Suspected a memory allocation problem related to the
strings passed to make_atom_str.
- The suspected memory allocation problem was not there
as the function accept_string did do the
proper allocations. Added two calls to free
when this string was used in a call to string
in combination with a call to make_str_atom.
- Changed KEYWORD in print_tree_to_c
in the neutral LITERAL and removed STR
that was not used.
- Ran "IParse SParse.gr -o SParse_grammar.c"
to create an initialization routine and copied output
into SParse.c.
- Applied changes mentioned in point 3 to SParse.c.
- Remove function accept_symbol_single_character
from IParse.c and SParse.c
because it is not used.
- Adapted make_rule and parse_rule.
- Tried to run "SParse c1.gr", but this failed
because ident is now a keyword.

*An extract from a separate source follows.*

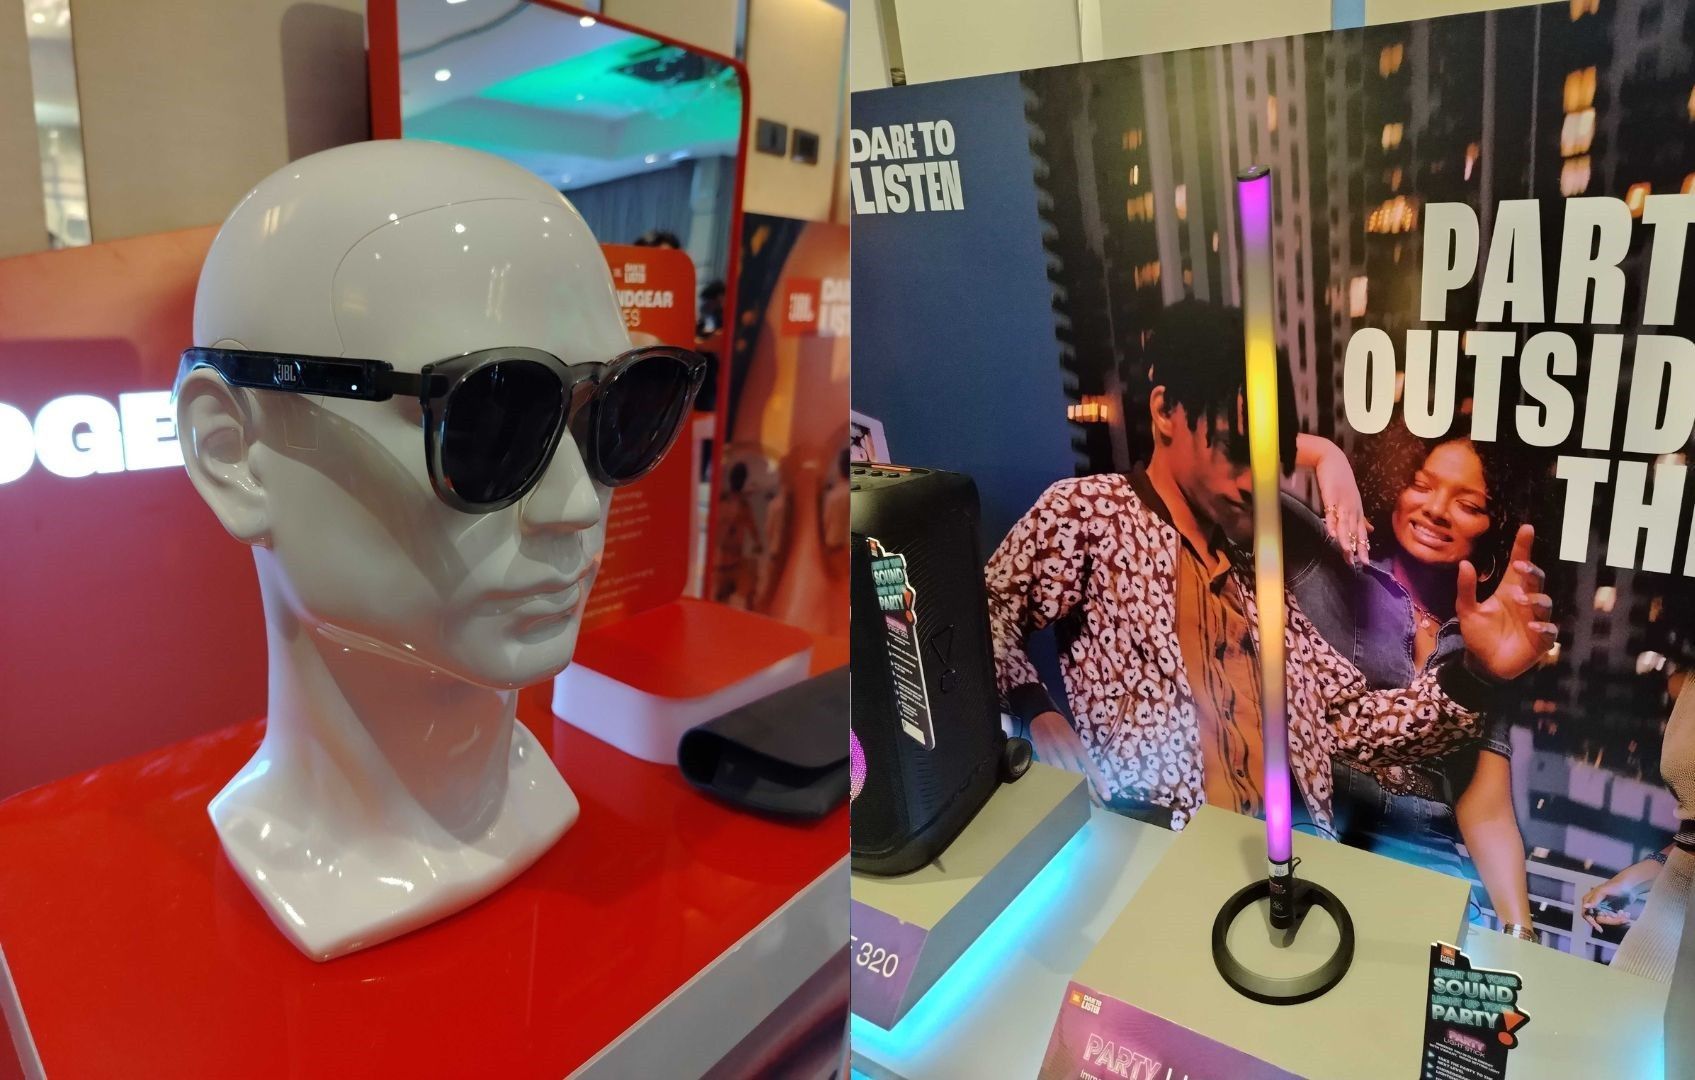 Eyeglasses with built-it speakers, 'lightsaber' speaker companion among new JBL innovations

Modified grammar
to include "ident" [ident] as alternative for
prim_elem.
- Temporary replaced call of make_initial_grammar
with "#include "SParse_grammar.c"", and renamed
call to the function to init_SParse_grammar.

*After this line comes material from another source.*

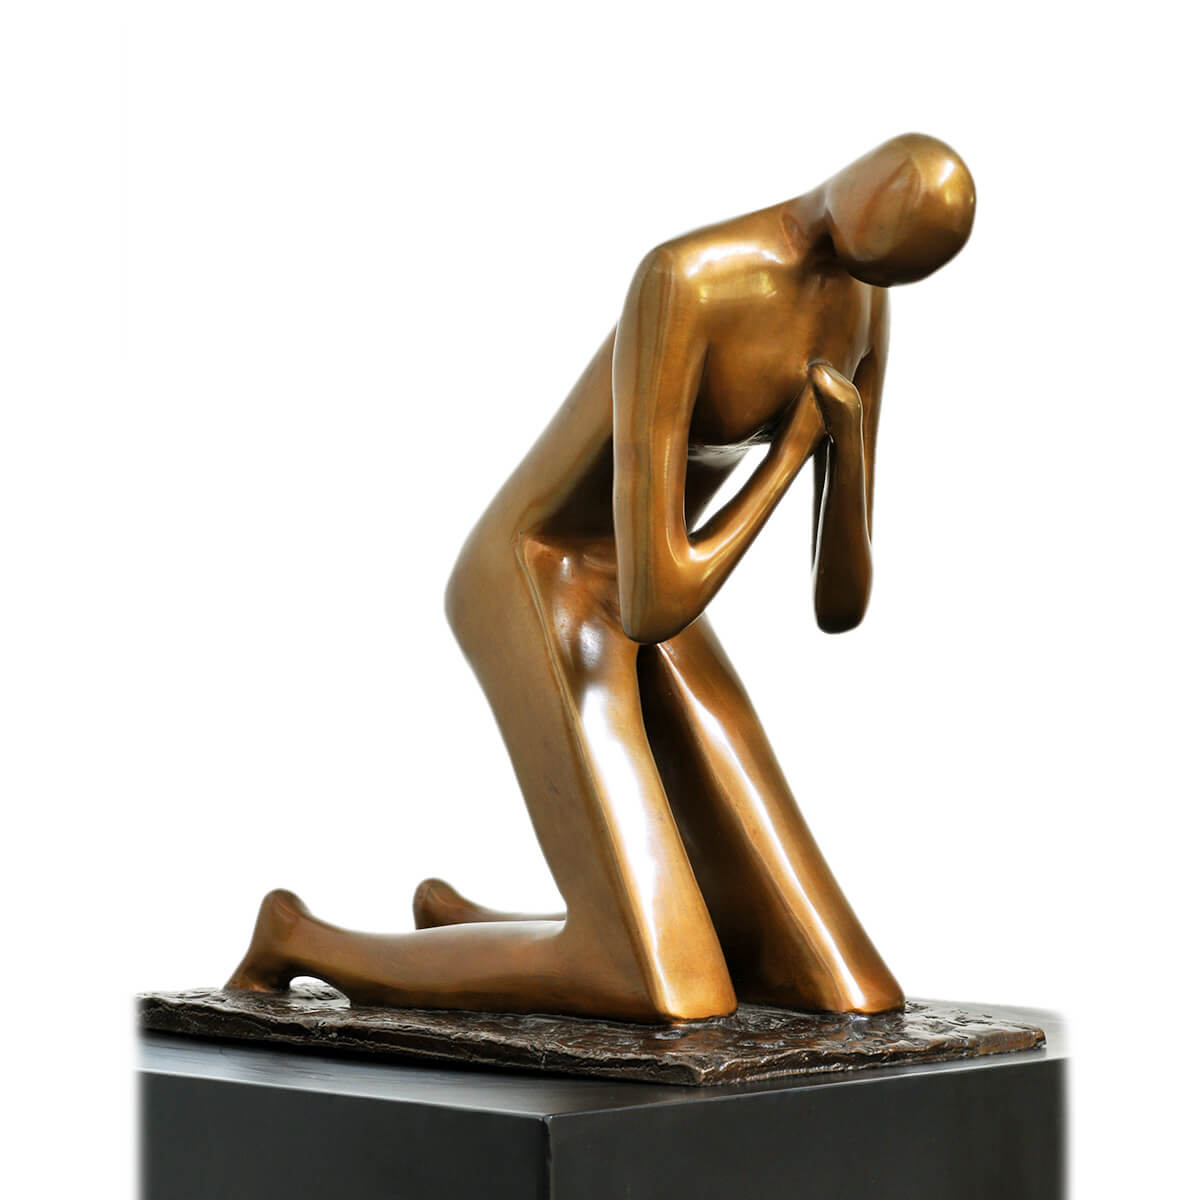 Robert-Helle-Sculpture-Gallery-Prayer-1-1200x1200

Now c1.gr parses without problems.
- Parsing some file with the new grammar constructs in it,
failed. Some checking revealed why. In case you have
an alternative like "a" and "a b" then
the first should occur later, because of the "greedy"
nature of the parsing algorithm. Made the modification
to the grammar, which worked.
Sources:
IParse.c,
SParse.c, and
SParse.gr.
- I decided to continue to develop SParse.c under
the name IParse.c as a continuation of the original
development and to keep the program downwards compatible.
For this it is needed that SParse.c can parse
SParse.gr without problems. When I tried it this
afternoon, it returned an error, which I did not understand.
I had to switch on parsing and scanning debugging (using
the switches "+ds +dp") to find the cause. I
discovered that ident has become a keyword in
Sparse.gr where it used to be an ident. Thus
the fragment ""ident" [ident]" returns an error
on the second occurence of "ident" saying that an ident
is expected. Confused? So, was I!
But what is more important is that the error reporting
contains some errors and should be improved.
- Renamed SParse.c to IParse.c and made
it version 1.1a. I improved the error reporting.
- Did some refractoring with respect to cur_line
and cur_column. These are now administrated inside
_next and _advance.
Sources:
IParse.c and
SParse.gr.
- I renamed SParse.gr into IParse.gr
and fixed the error in it.
- I ran IParse IParse.gr -o IParse_grammar.c and
modified IParse.gr to include IParse_grammar.c
and call the right function. And then I tried to close the
loop by compiling IParse.c and running it.
But, I got a run-time error in the init_IParse_grammar
routine, due to an error in print_tree_to_c.
This means, I first have to fix IParse_grammar.c
manually, before I can fix it. After fixing in running IParse -p
worked again.
- But then I came along another run-time error, when I tried
to run IParse IParse.gr. It was caused by the
fact that in the call try = parse_nt(rule->info.non_terminal, &t)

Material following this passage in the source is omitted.